* [EXERCISE] Repeat the data in full and exactly. Leave the pictures out.

* [AVAILABLE DATA]
⁂

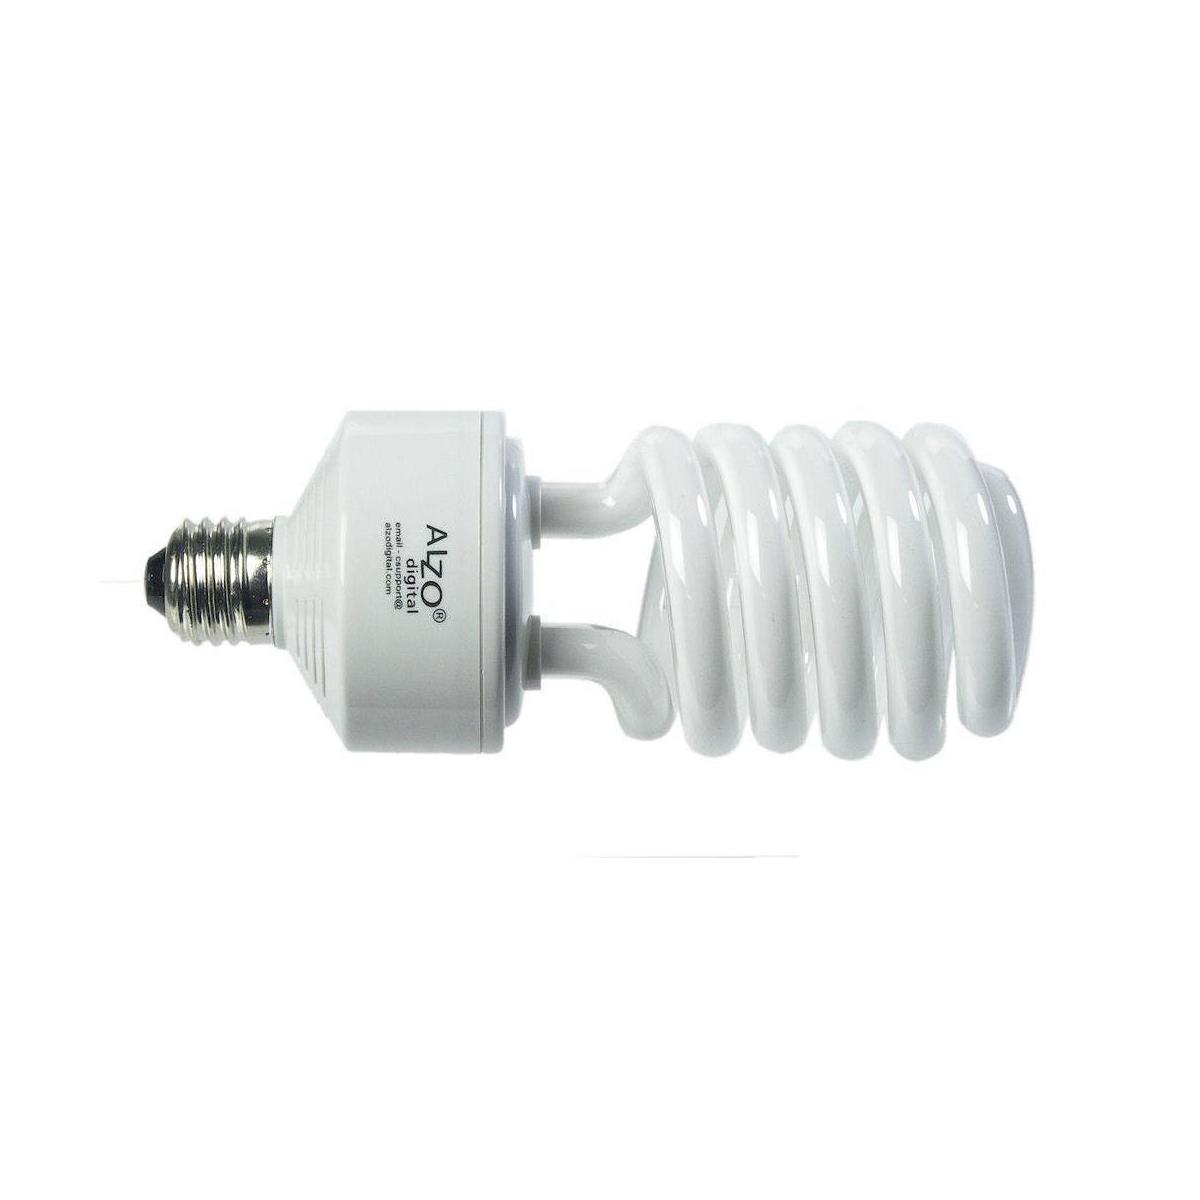 Alzo Digital 45W 220V CFL Video-Lux Photo Light Bulb, 3200K, 2800 Lumens -  1146-220-32
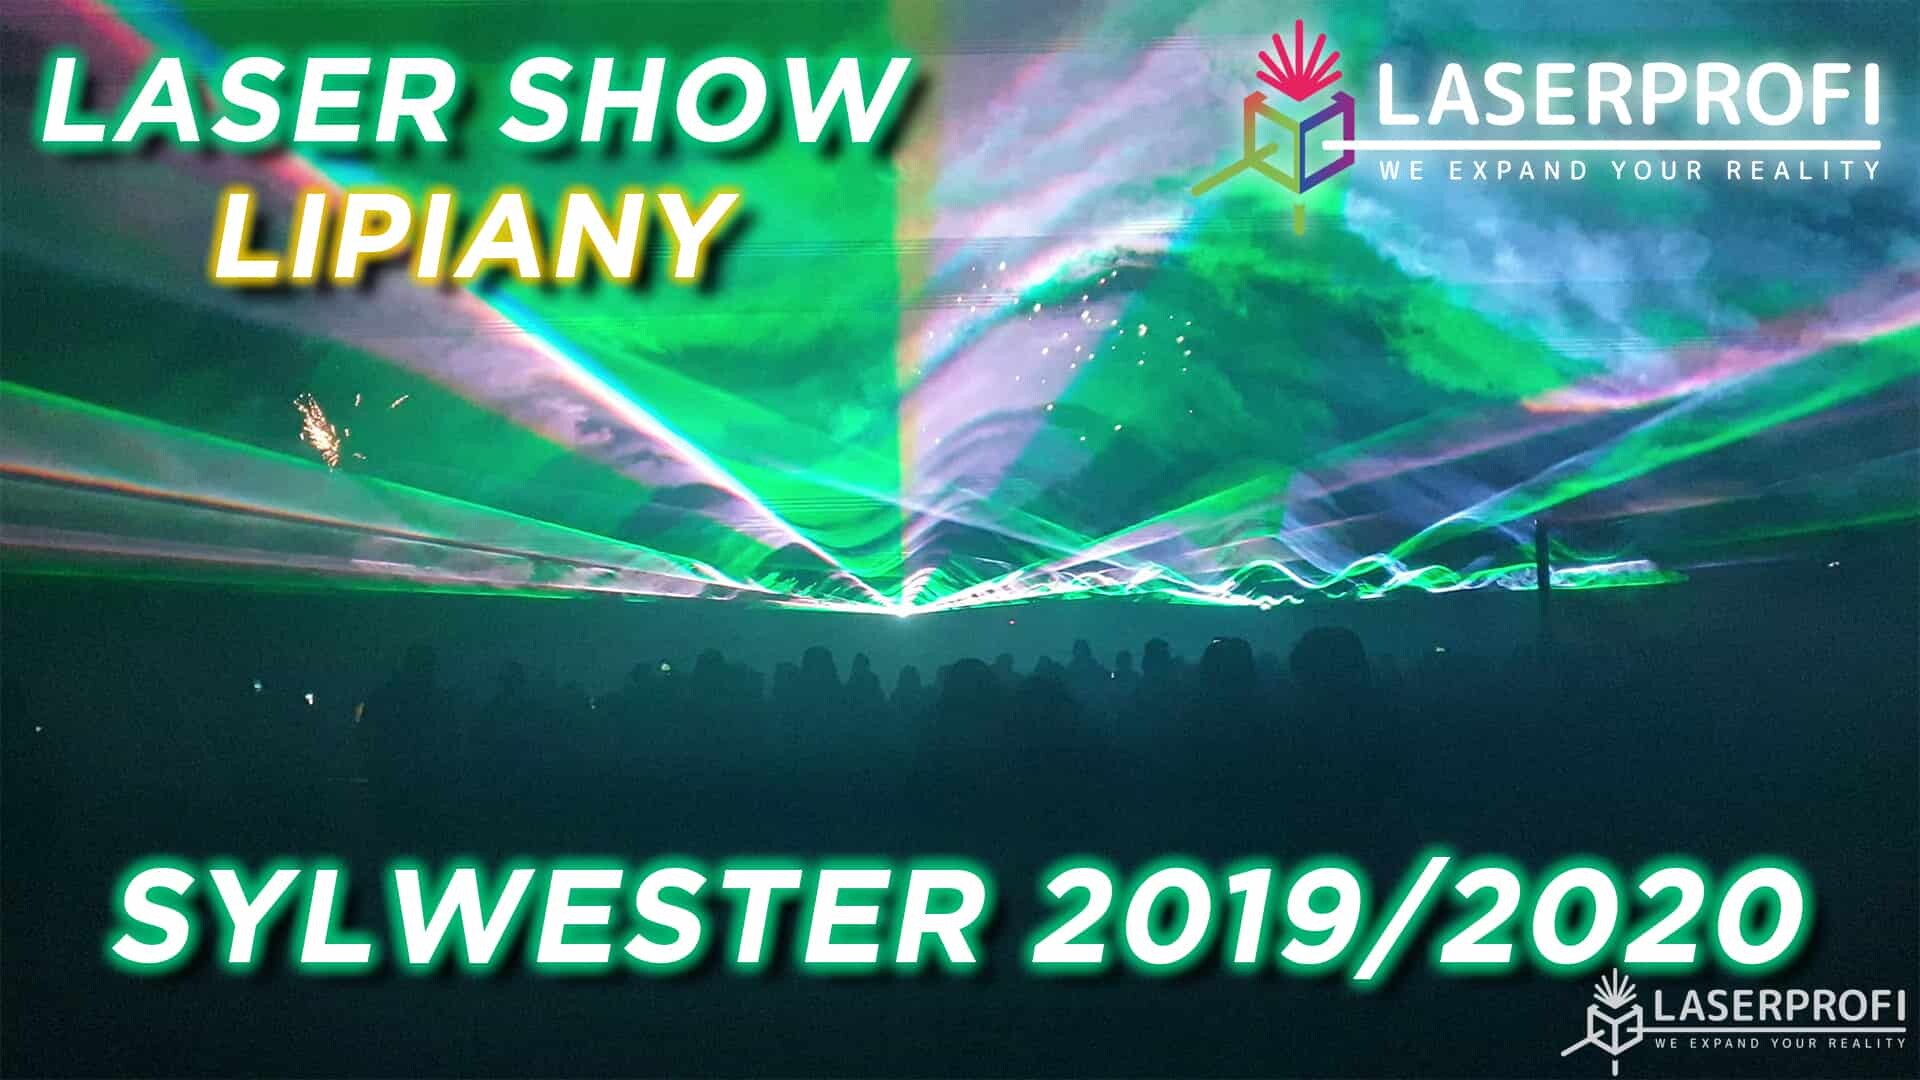 pokaz laserowy sylwester 2019 nowy rok 2020
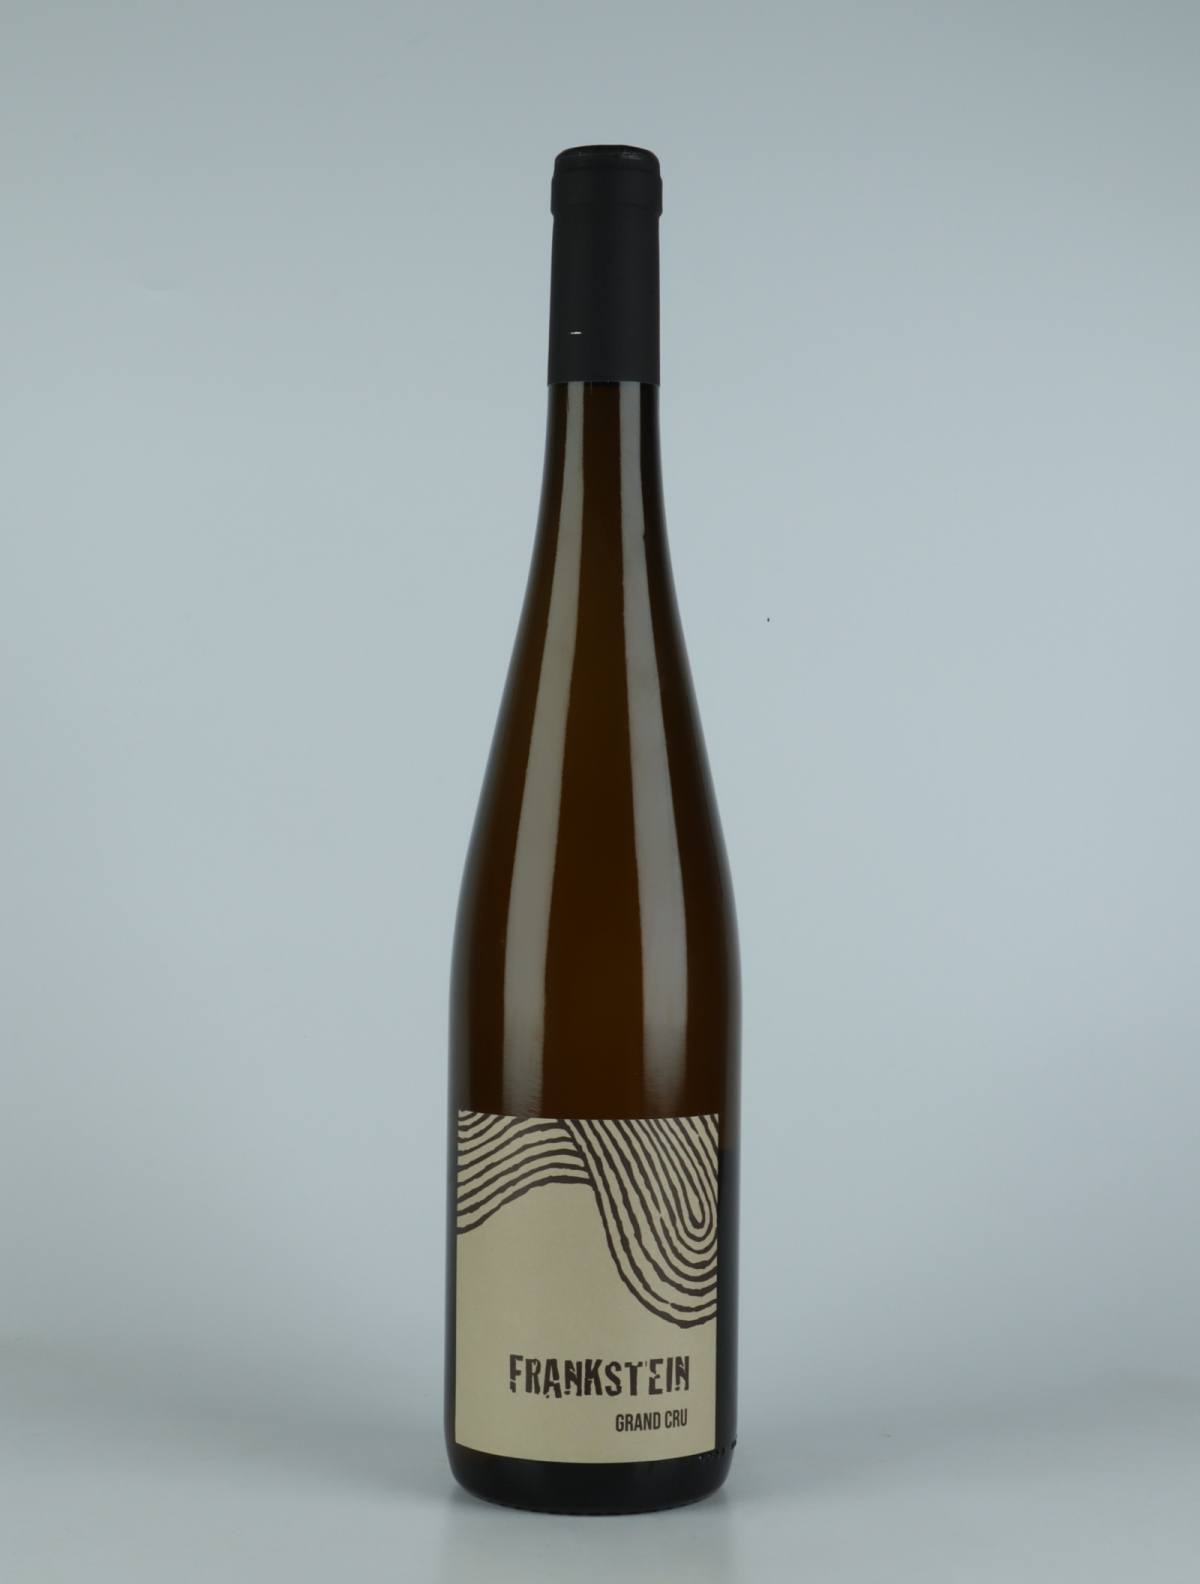 A bottle 2020 Frankstein White wine from Ruhlmann Dirringer, Alsace in France

⁂

* [EXERCISE RESULT]
 Alzo Digital 45W 220V CFL Video-Lux Photo Light Bulb, 3200K, 2800 Lumens -  1146-220-32
 pokaz laserowy sylwester 2019 nowy rok 2020
 A bottle 2020 Frankstein White wine from Ruhlmann Dirringer, Alsace in France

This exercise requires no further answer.